Torn ACL: Causes, Symptoms And Treatment

by Administrator 21. August 2014 08:09

Torn ACL injuries are caused due to straightening of the knee beyond its normal limits and it is also known as hyper-extended knee. Torn Anterior Cruciate Ligament (ACL) is a second or third degree sprain of the ACL. The ACL is one of the ligaments that connects the thigh bone (femur) to shin bone (tibia) and helps to stabilize the knee joint. Making sudden jumps or landing from jumps can injure the knee, causing hyperextension which puts stress on the knee and results in its stretching and tearing. This tear may be partial or complete as the knee becomes unstable and buckles.

Causes:

  • Sports and fitness activities can cause injuries to the knee, when the foot is firmly planted and the knee locks and pivots at the same time. Sports like football, basketball, soccer and gymnastics cause sudden change in direction which stresses and damages the ligaments.
  • Landing or making a jump, especially when the leg is bent or straightened which usually happens in basketball.
  • Missing steps while walking on staircase, stepping into a hole, falling off from moderate or extreme heights, stopping suddenly when leg is bent or straightened.
  • Collision during contact sports such as football.
  • Sudden blows due to car accident.

Symptoms:

  • When the knee is injured, a feeling that the knee is giving out from under is experienced. Other symptoms include:
  • A “pop” sound at the time of injury.
  • The knee becomes unstable and within 6 hours of injury, the knee swells. There may be internal bleeding in the joint.
  • Intense pain is experienced in the injured knee.
  • Knee cannot be moved and there is loss of range of motion.
  • The knee becomes tender and pain makes it difficult to walk or bear weight.

Diagnosis:

  • Before starting the treatment, the doctor carefully examines the knee to check for swelling and tenderness and to ascertain whether the ACL has been torn. Physical examinations include:
  • X-Rays –It does not show injury to the ACL but helps to determine whether the knee has any broken bones or not.
  • MRI scan – MRI creates proper imaging of the soft tissues and injuries to the ACL can be clearly seen.

Treatment:

Torn ACL can be treated both surgically and non-surgically.
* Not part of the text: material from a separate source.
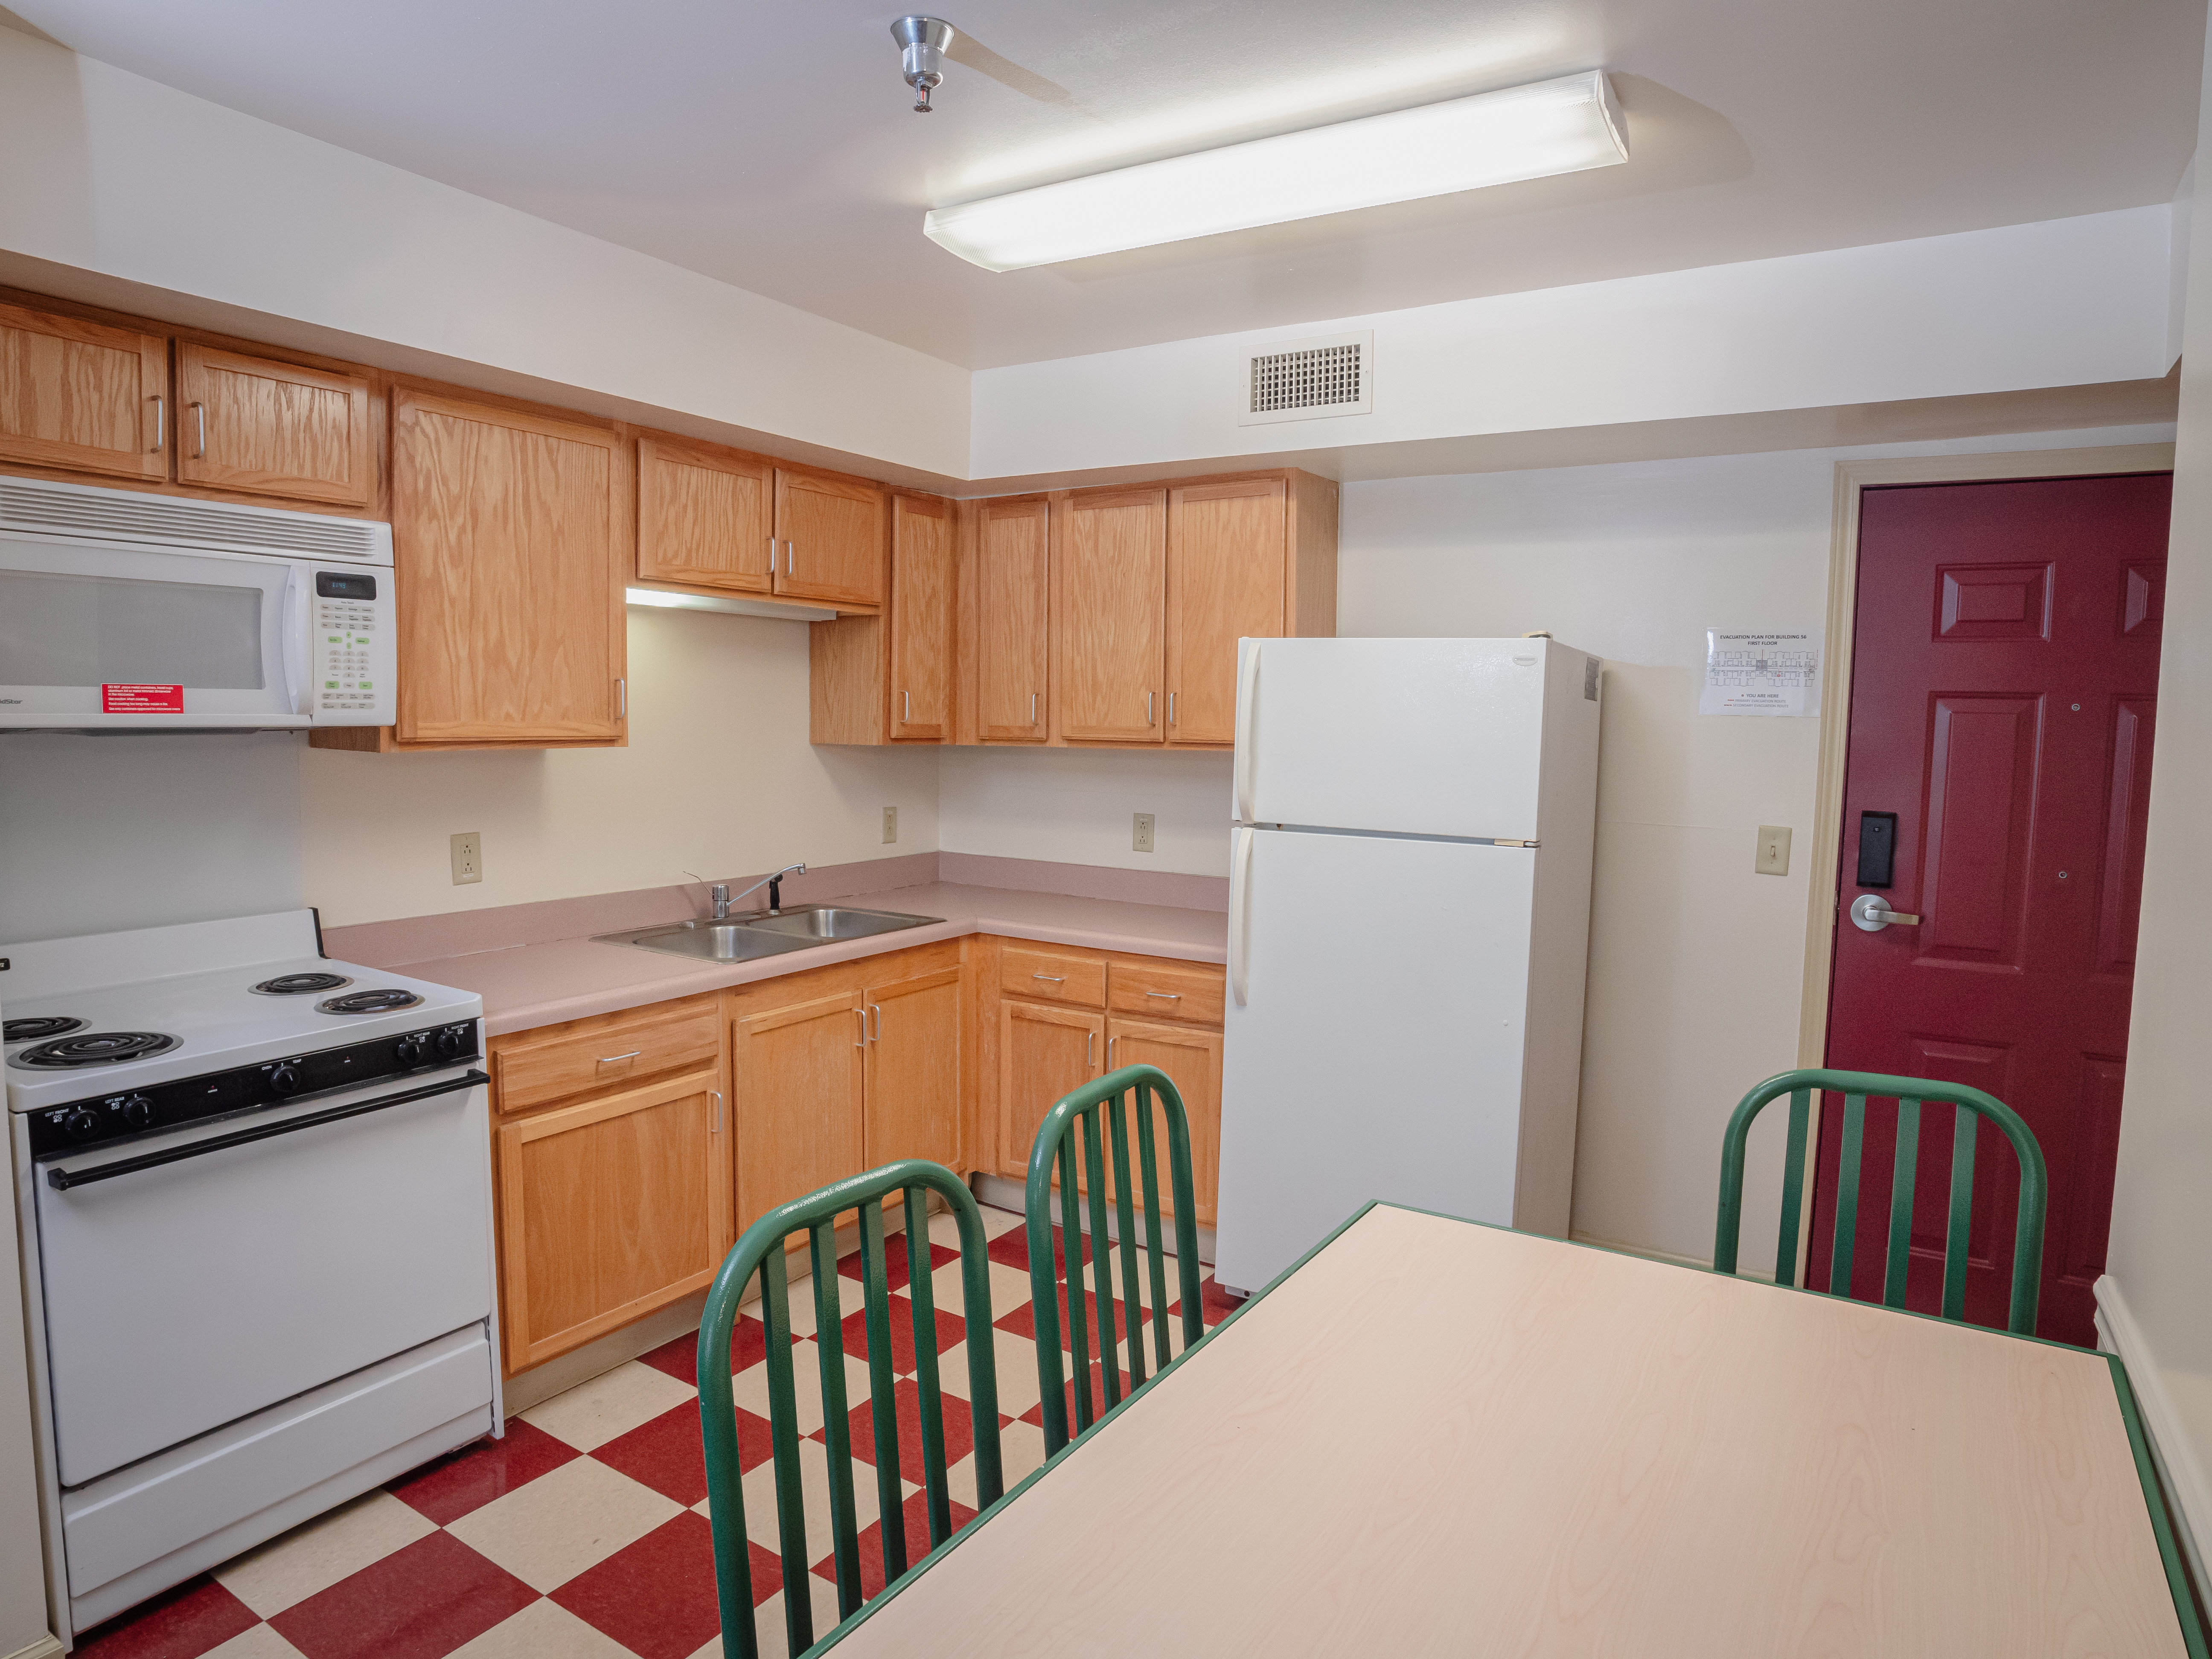 Picture of Campus Apartment kitchen.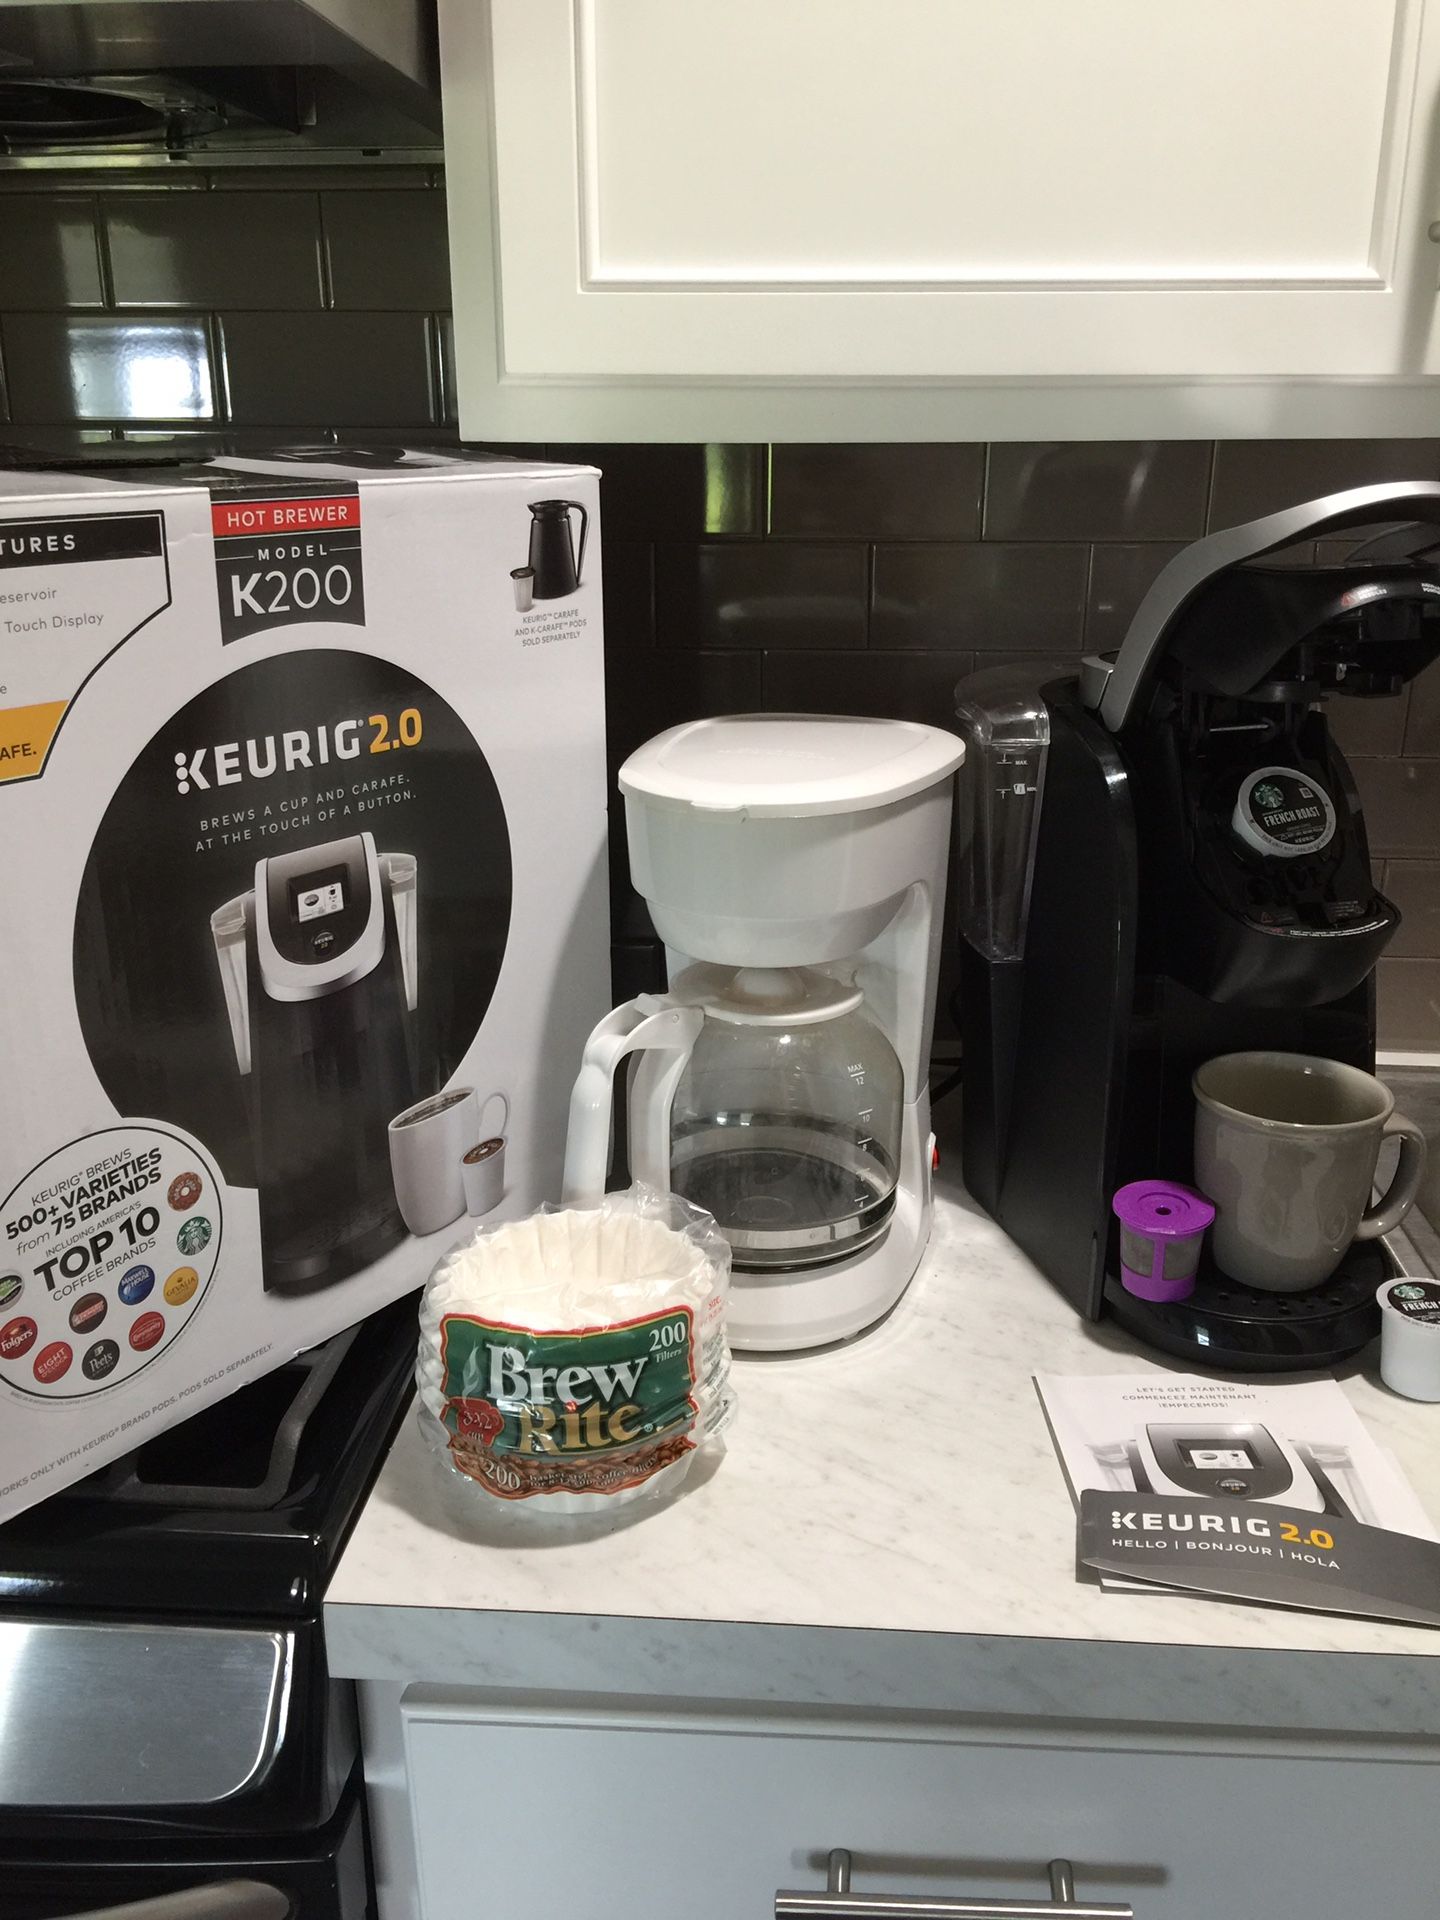 2 FOR1...Keurig 2.0 machine and 12 Cup Regular Coffee Maker

Surgical treatment may be required for young athletes who need to return to the sports while less active and elderly people can do without surgery. Non-Surgical treatment is best for those who have a very low activity level. If the stability of the knee is intact, braces can be used to stabilize the knee and crutches can be used to avoid putting weight on the legs while walking. Physical Therapy can be used to rehabilitate the knee to restore its normal function. However severe ACL tears have to be surgically reconstructed by orthopedic surgeons and may take six months or more to heal fully. It is advised to properly rest the treated knee for first few months. Strengthening exercises gradually help restore the normal functioning slowly and return the normal range of motion.